Most efficient way to forward-fill NaN values in numpy array
Solution 1
Here's one approach -
mask = np.isnan(arr)
idx = np.where(~mask,np.arange(mask.shape[1]),0)
np.maximum.accumulate(idx,axis=1, out=idx)
out = arr[np.arange(idx.shape[0])[:,None], idx]
If you don't want to create another array and just fill the NaNs in arr
itself, replace the last step with this -
arr[mask] = arr[np.nonzero(mask)[0], idx[mask]]
Sample input, output -
In [179]: arr
Out[179]:
array([[ 5., nan, nan, 7., 2., 6., 5.],
[ 3., nan, 1., 8., nan, 5., nan],
[ 4., 9., 6., nan, nan, nan, 7.]])
In [180]: out
Out[180]:
array([[ 5., 5., 5., 7., 2., 6., 5.],
[ 3., 3., 1., 8., 8., 5., 5.],
[ 4., 9., 6., 6., 6., 6., 7.]])
Solution 2
Update: As pointed out by financial_physician in the comments, my initially proposed solution can simply be exchanged with ffill
on the reversed array and then reversing the result. There is no relevant performance loss. My initial solution seems to be 2% or 3% faster according to %timeit
. I updated the code example below but left my initial text as it was.

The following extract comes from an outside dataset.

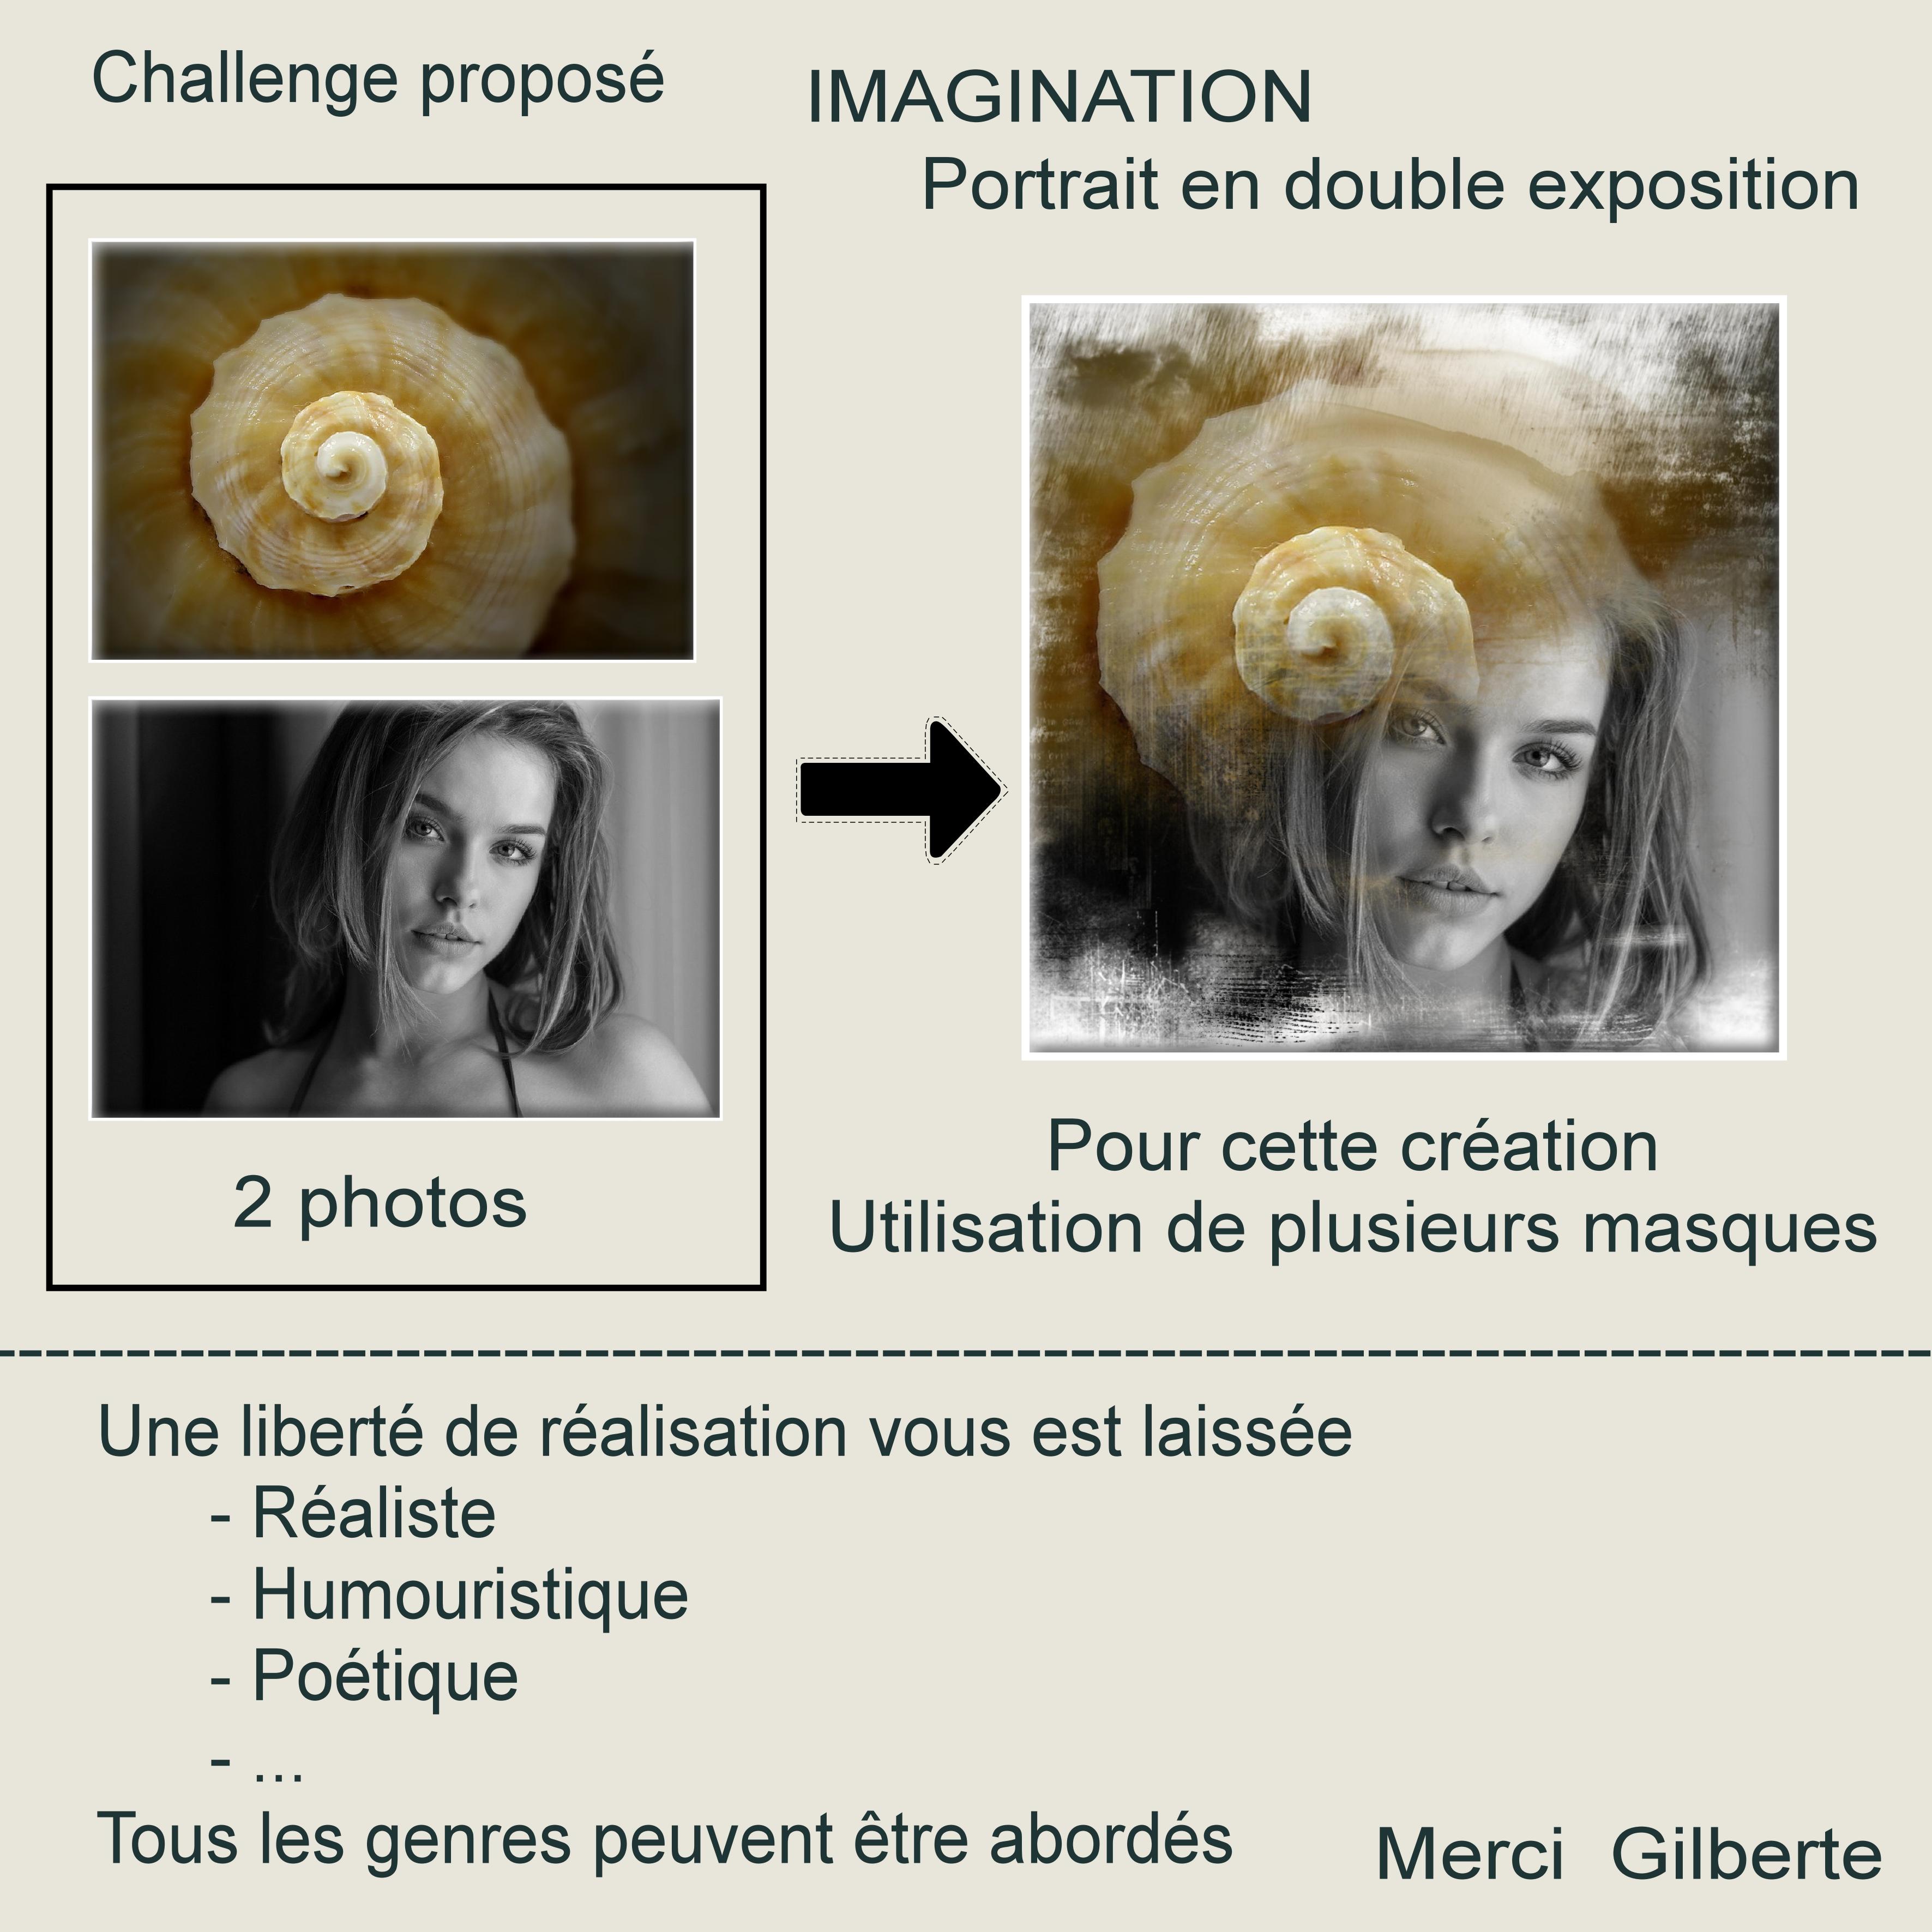 1-CHALLENGE - IMAGINATION  - PORTRAIT EN DOUBLE EXPOSITION

For those that came here looking for the backward-fill of NaN values, I modified the solution provided by Divakar above to do exactly that. The trick is that you have to do the accumulation on the reversed array using the minimum except for the maximum.
Here is the code:
# ffill along axis 1, as provided in the answer by Divakar
def ffill(arr):
mask = np.isnan(arr)
idx = np.where(~mask, np.arange(mask.shape[1]), 0)
np.maximum.accumulate(idx, axis=1, out=idx)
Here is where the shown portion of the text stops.